How Triangle of Sadness trivialises the class struggle
The movie Triangle of Sadness famously includes a lengthy and exaggerated vomit scene, wherein a luxurious cruise ship is (non-realistically) drowned in the vomit of its gluttonous customers, right before the ship is targeted by African pirates.
The scene demarcates the line between the lavish representation of the lifestyles of the rich, allegorised in this cruise ship, and their downfall - first by their own decadence, and second by the assailant pirates. It takes the indulgence and decadence of the bourgeoisie, exploited by the camera in the first half of the film, to its grotesque extremes, and signals their subsequent demise.
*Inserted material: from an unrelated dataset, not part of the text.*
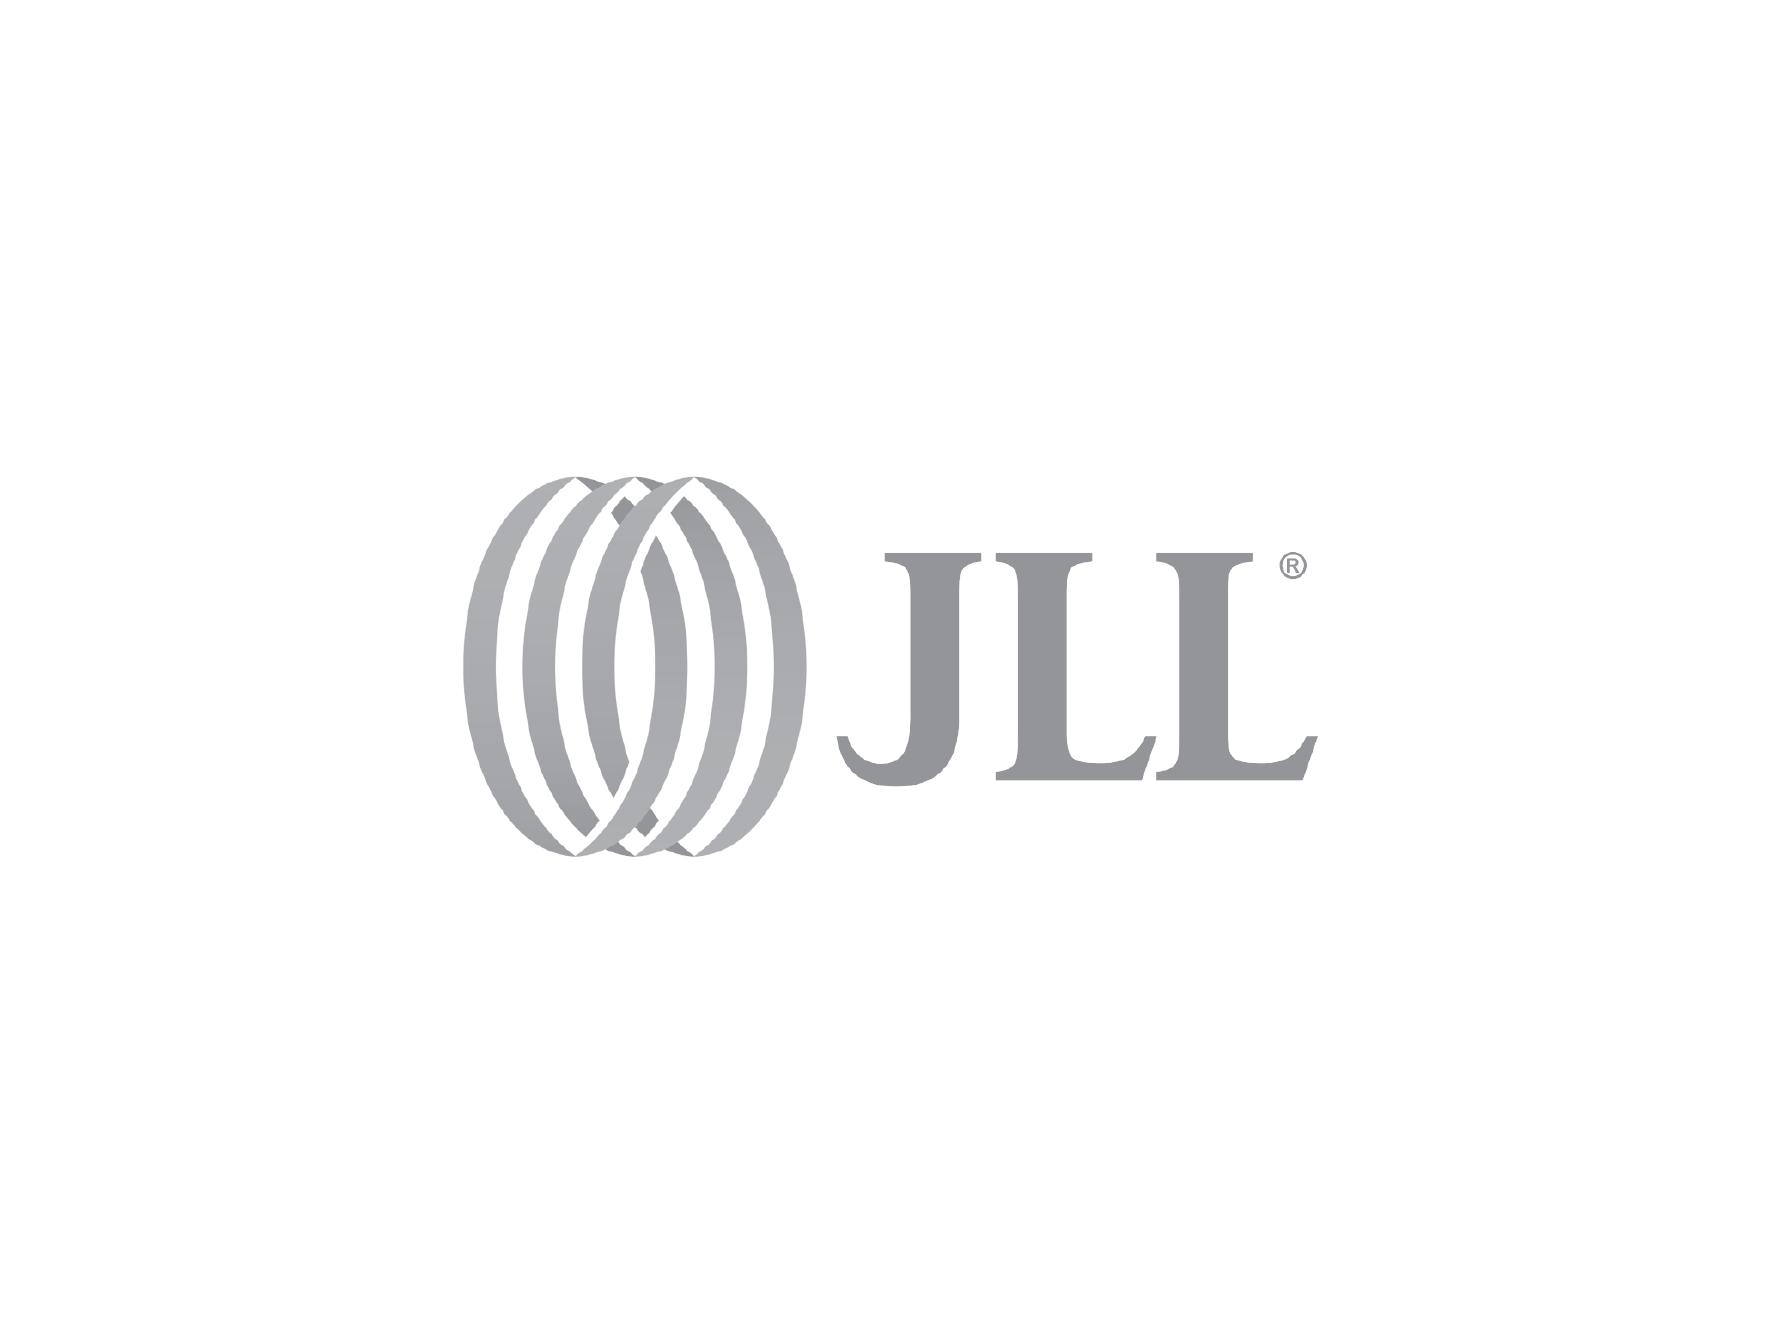 ROCK-0019 RTRX Website Sponsor Page Logos_JLL_v1a.png
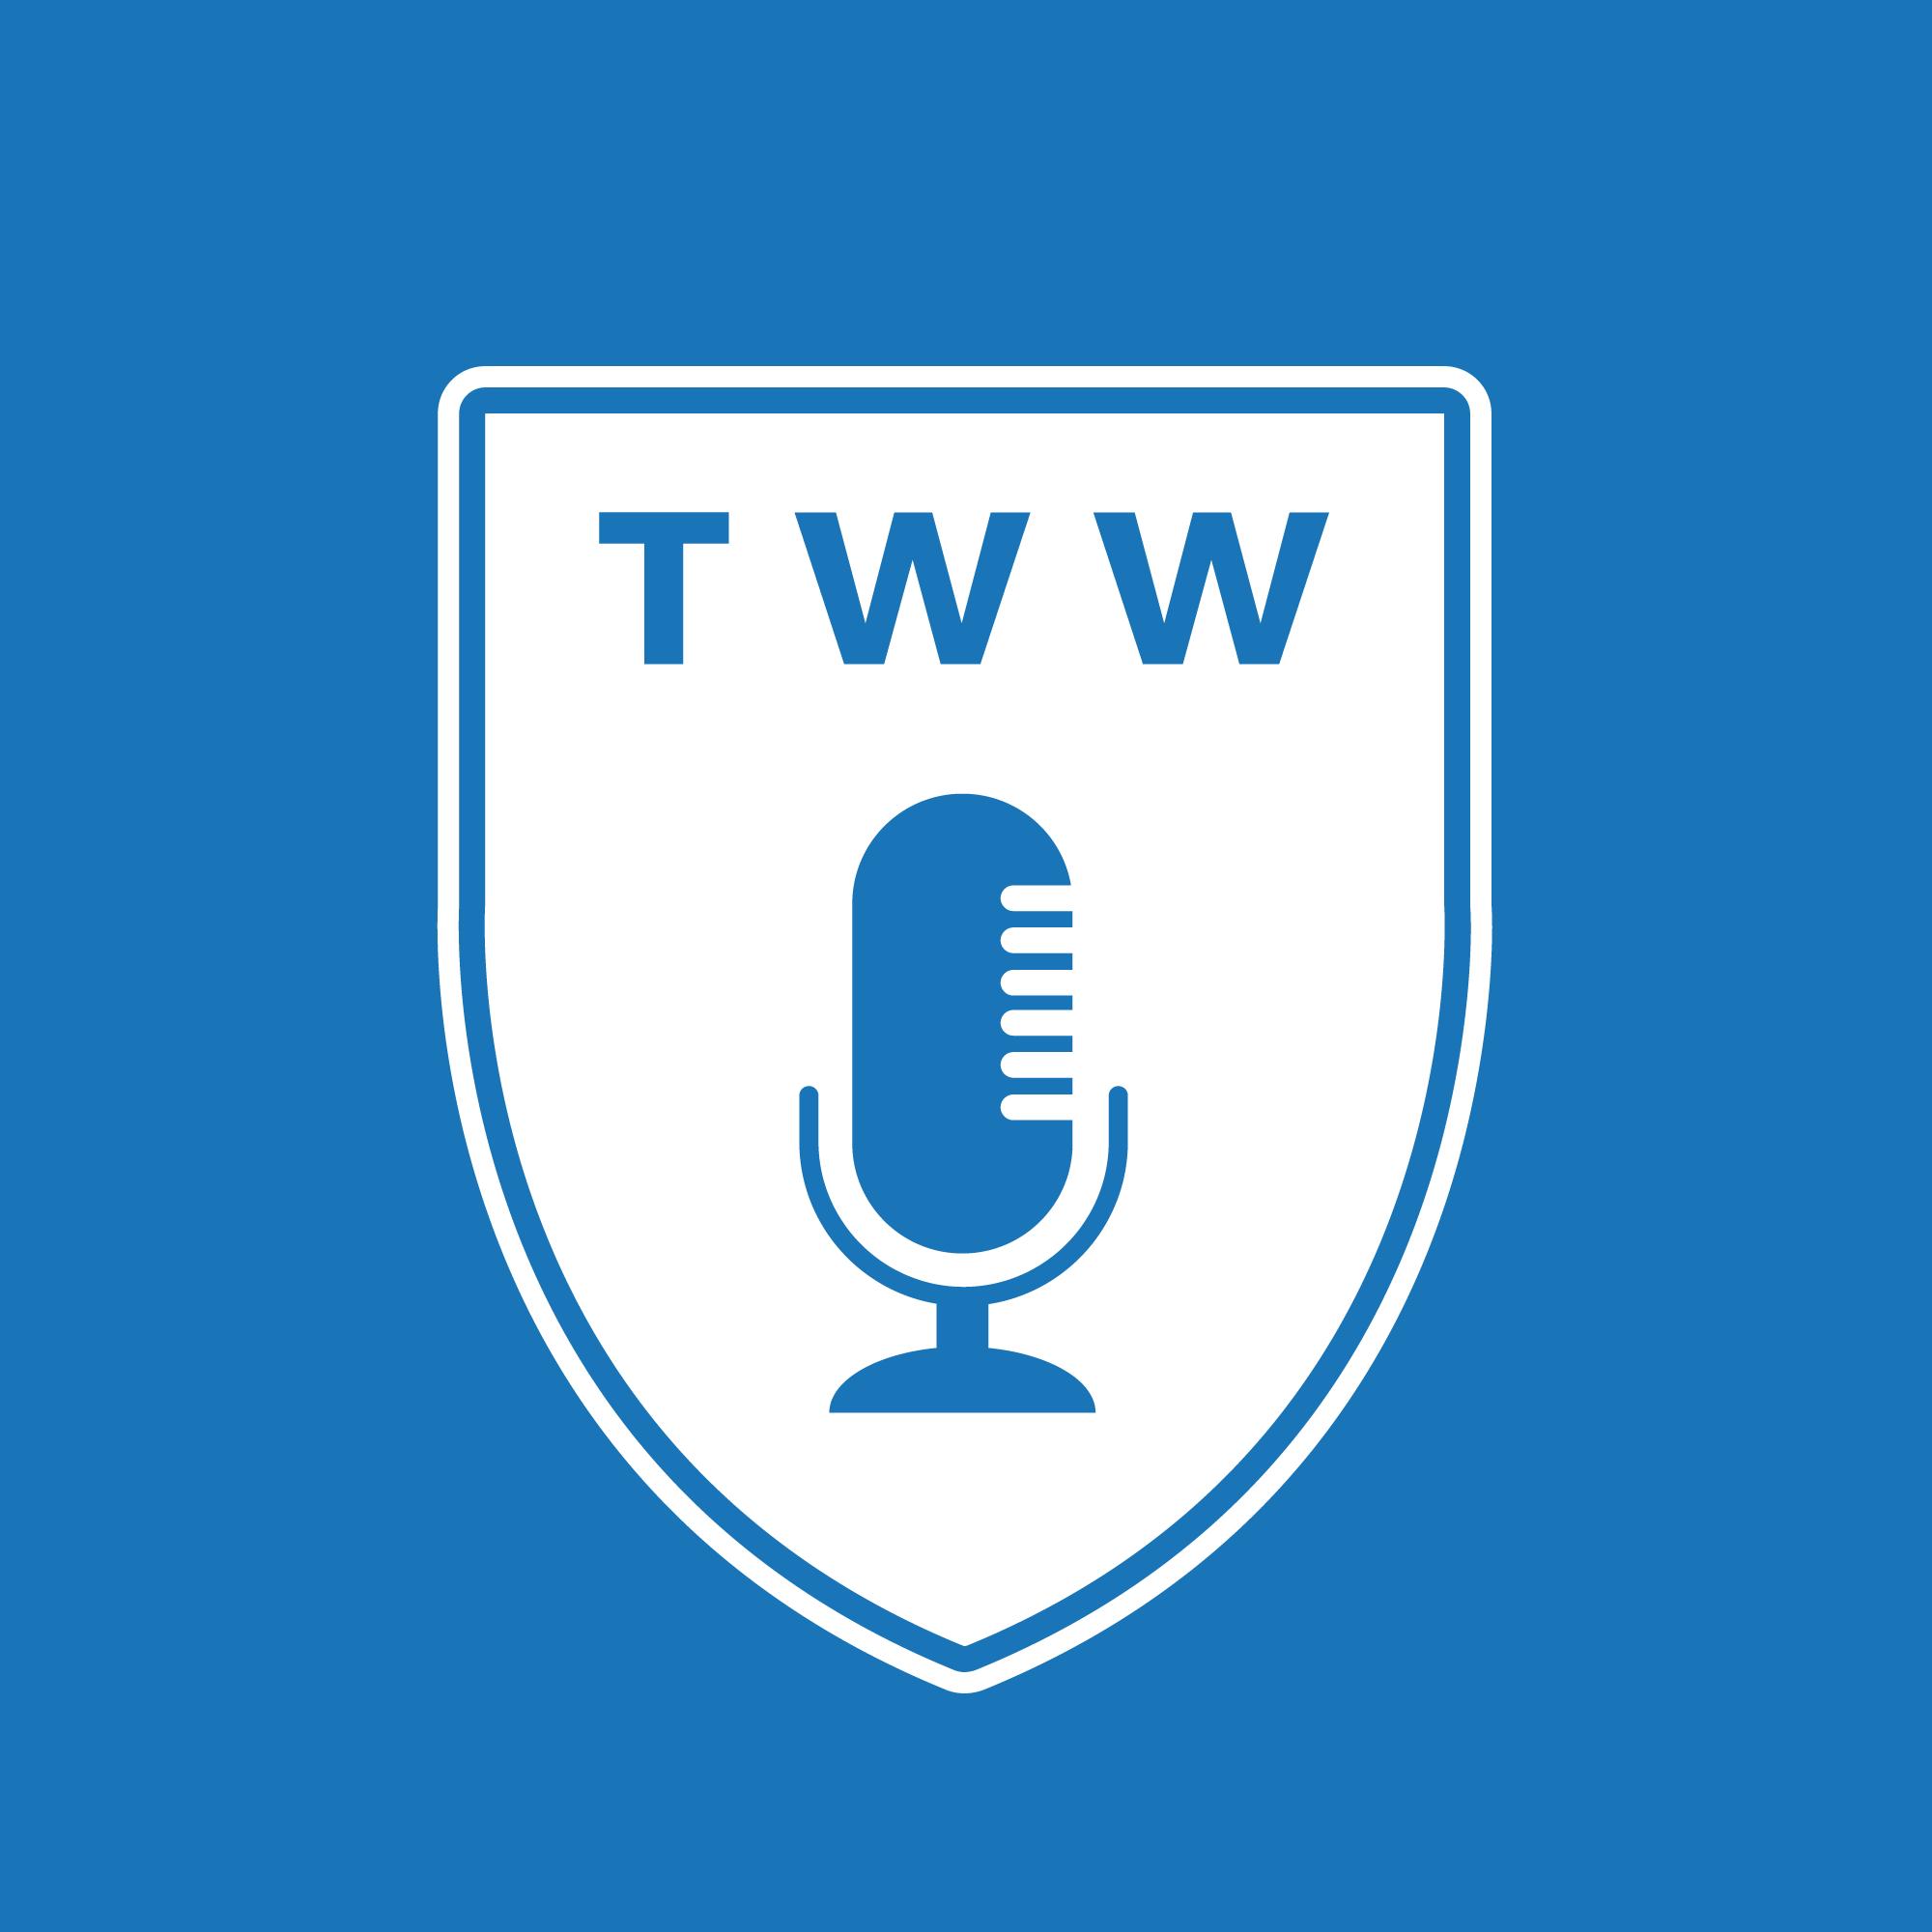 tww-2000x2000-2-square

Initially focusing on capitalism-as-consumerist indulgence, the film flips the visuals with the vomit scene, in order to both delight and disgust viewers. But this double cathartic effect fails to interrogate the film’s and the audience’s positionality within the capitalist system it satirises.
It further assures its bourgeois viewers, even though they thrive on a system of capitalist exploitation, of their superiority vis-a-vis the decadent and disgusting cruise passengers
By overplaying the depiction of capitalism as indulgence and underplaying the depiction of capitalism as exploitation, the film not only trivialises the class struggle, but also undermines its own message.
Though the trope of consumer capitalism as a luxurious cruise ship is hardly original, the film skilfully uses it to present a three-tiered class system of customers, service providers and workers - or four-tiered, if we consider the distinction between the rising models as salaried upper-middle-class and the businessmen as upper-class.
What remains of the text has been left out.